Onno era così scocciato da questa situazione che per vendetta si mise a mangiare tutto quello che c’era nel frigorifero. Si mangiò un piatto di maccheroni al ragù del giorno prima, un pezzo di pecorino con la crosta, una fetta di torta alla ricotta che aveva fatto la madre della padroncina, quattro salsicce di quelle piccanti, un barattolo di yogurt dietetico alla fragola, una confezione di wurstel da sei, tre bignè alla crema rimaste dalla domenica che un amico di famiglia aveva portato per cortesia, un etto e mezzo di salame ungherese, un mezzo barattolo abbondante di marmellata di fichi e cotogne e una confezione di gelato al tartufo. Non contento, svuotò anche lo sportello delle meraviglie, dove la padroncina nascondeva la cioccolata bianca ed i baci perugina. Uscendo dalla cucina, con la pancia che gli dondolava a destra e a sinistra, Onno pensò: “Adesso si decideranno finalmente a cambiarmi nome”. Ma i suoi padroni quando tornarono a casa e trovarono il frigorifero vuoto e il povero cane in preda ad un terribile mal di pancia, erano lungi dal capire le ragioni di quella abbuffata. Si preoccuparono per la salute di Onno, che però il giorno dopo stava già molto meglio, e decisero di mettere un bel catenaccio al frigorifero, in modo da evitare altri incidenti.

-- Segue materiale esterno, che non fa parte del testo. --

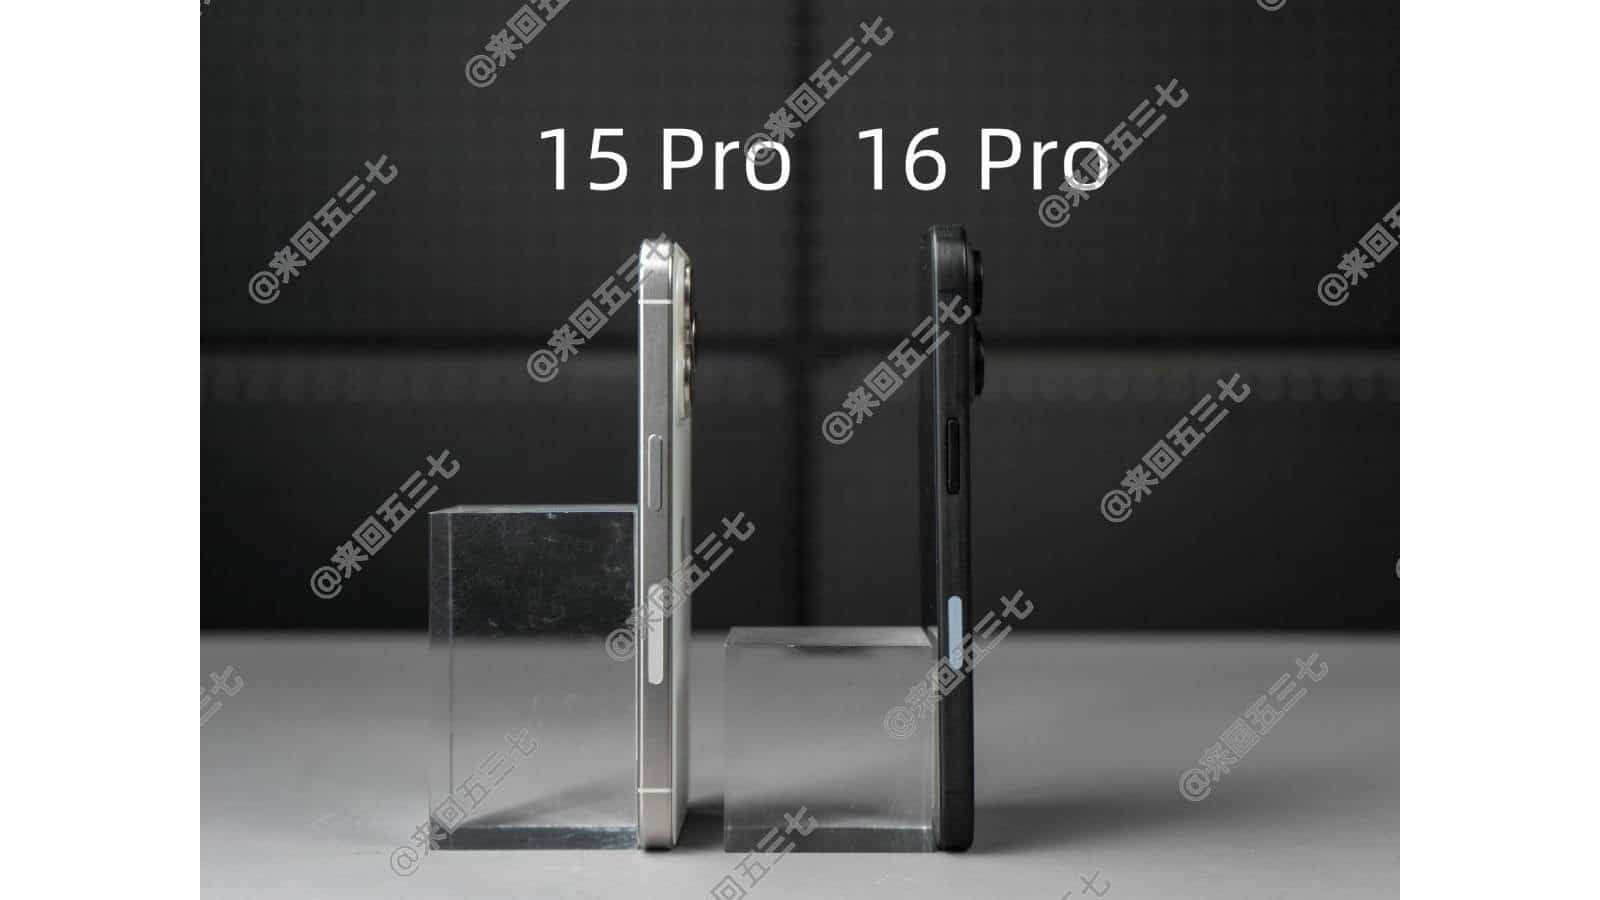 iPhone 16 Pro, iPhone 16 Pro VS iPhone 15 Pro: Μπορείς να ξεχωρίσεις ποιο είναι ποιο στις φωτογραφίες;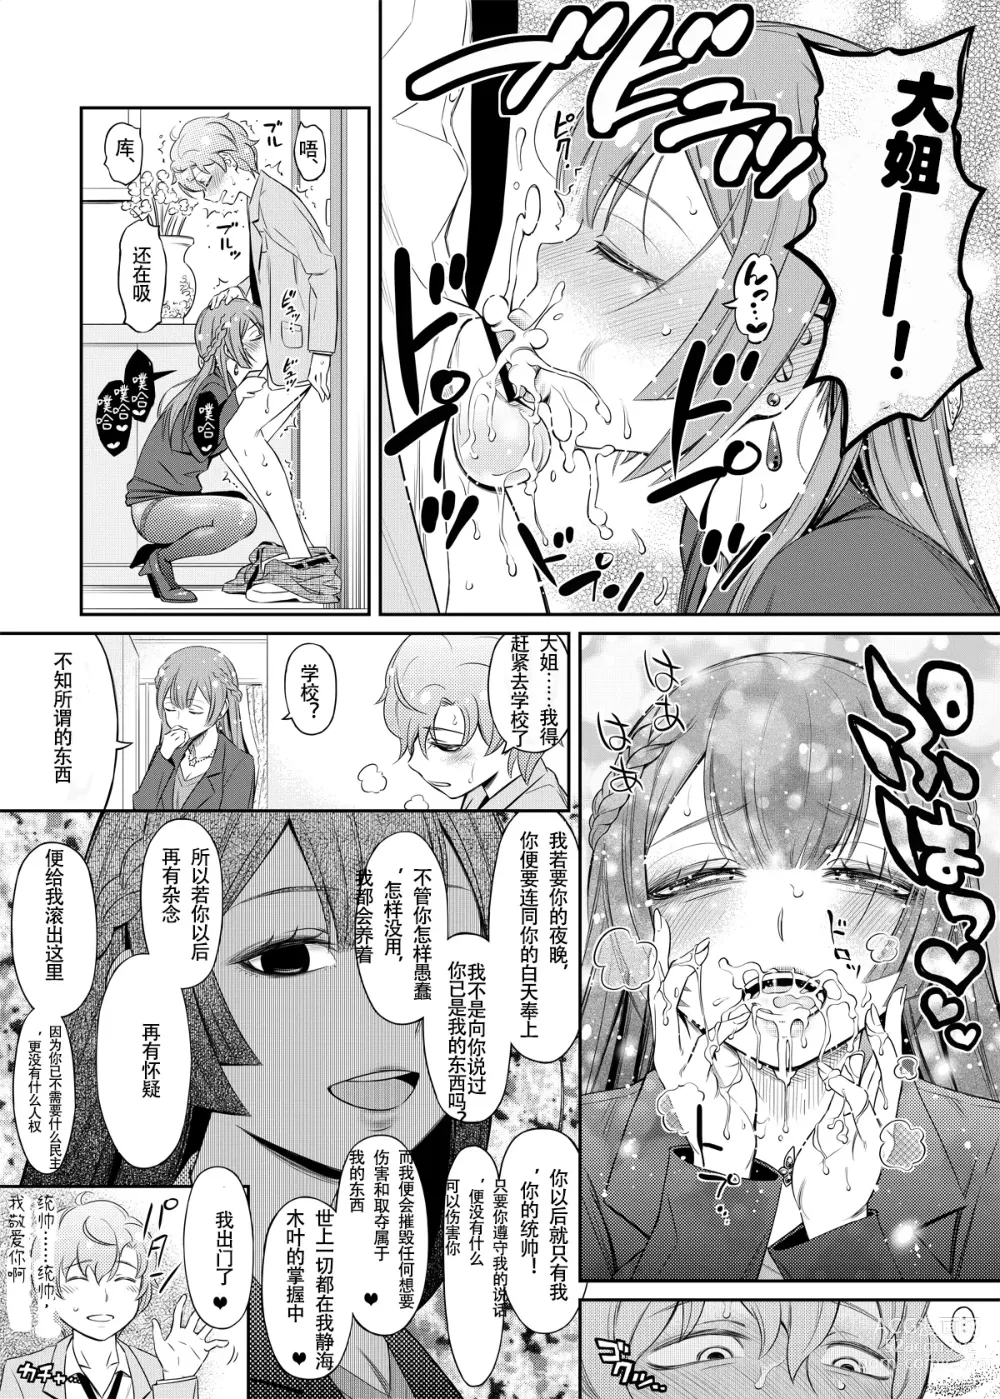 Page 7 of doujinshi Konoha-san 27-sai Pet o Kau

Allora Onno decise un bel giorno di non mangiare affatto. Se ne rimaneva nella sua cuccia tutto il giorno e usciva solo per fare i suoi bisogni. Per una settimana non toccò cibo, neanche lo spezzatino che gli aveva preparato la padroncina insieme agli immancabili cavoletti di Bruxelles. Lei glielo servì su un piatto speciale e, accarezzandogli teneramente le orecchie pelose, gli disse: “Onno, amore mio, guarda che cosa ti ho preparato…. dai su, mangia…” Ma lui non le dava soddisfazione e, malgrado la pancia brontolasse come fa il cielo prima di una tempesta, Onno rimaneva stoico. “Questa volta capiranno il mio problema e mi cambieranno nome!” Ma niente da fare. La padroncina lo portò dal veterinario che non si capacitava che cosa avesse. Intanto il povero cagnolino diventava sempre più magro e debole.
Ma un giorno la bambina della porta accanto, che sia chiamava Cecilia, scavalcò il recinto del giardino per riprendere la palla che le era caduta dall’altra parte, e vedendo il povero Onno arrancare verso la porta della cucina, si fermò e lo chiamò: “Ehi Bello, vieni qui…” Onno si fermò e guardò in direzione di quella vocina inaspettata. Pensò “Mi ha chiamato Bello… che nome stupendo!” e si mise a scodinzolare con la poca energia rimastagli, poi raggiunse la bambina per farsi accarezzare.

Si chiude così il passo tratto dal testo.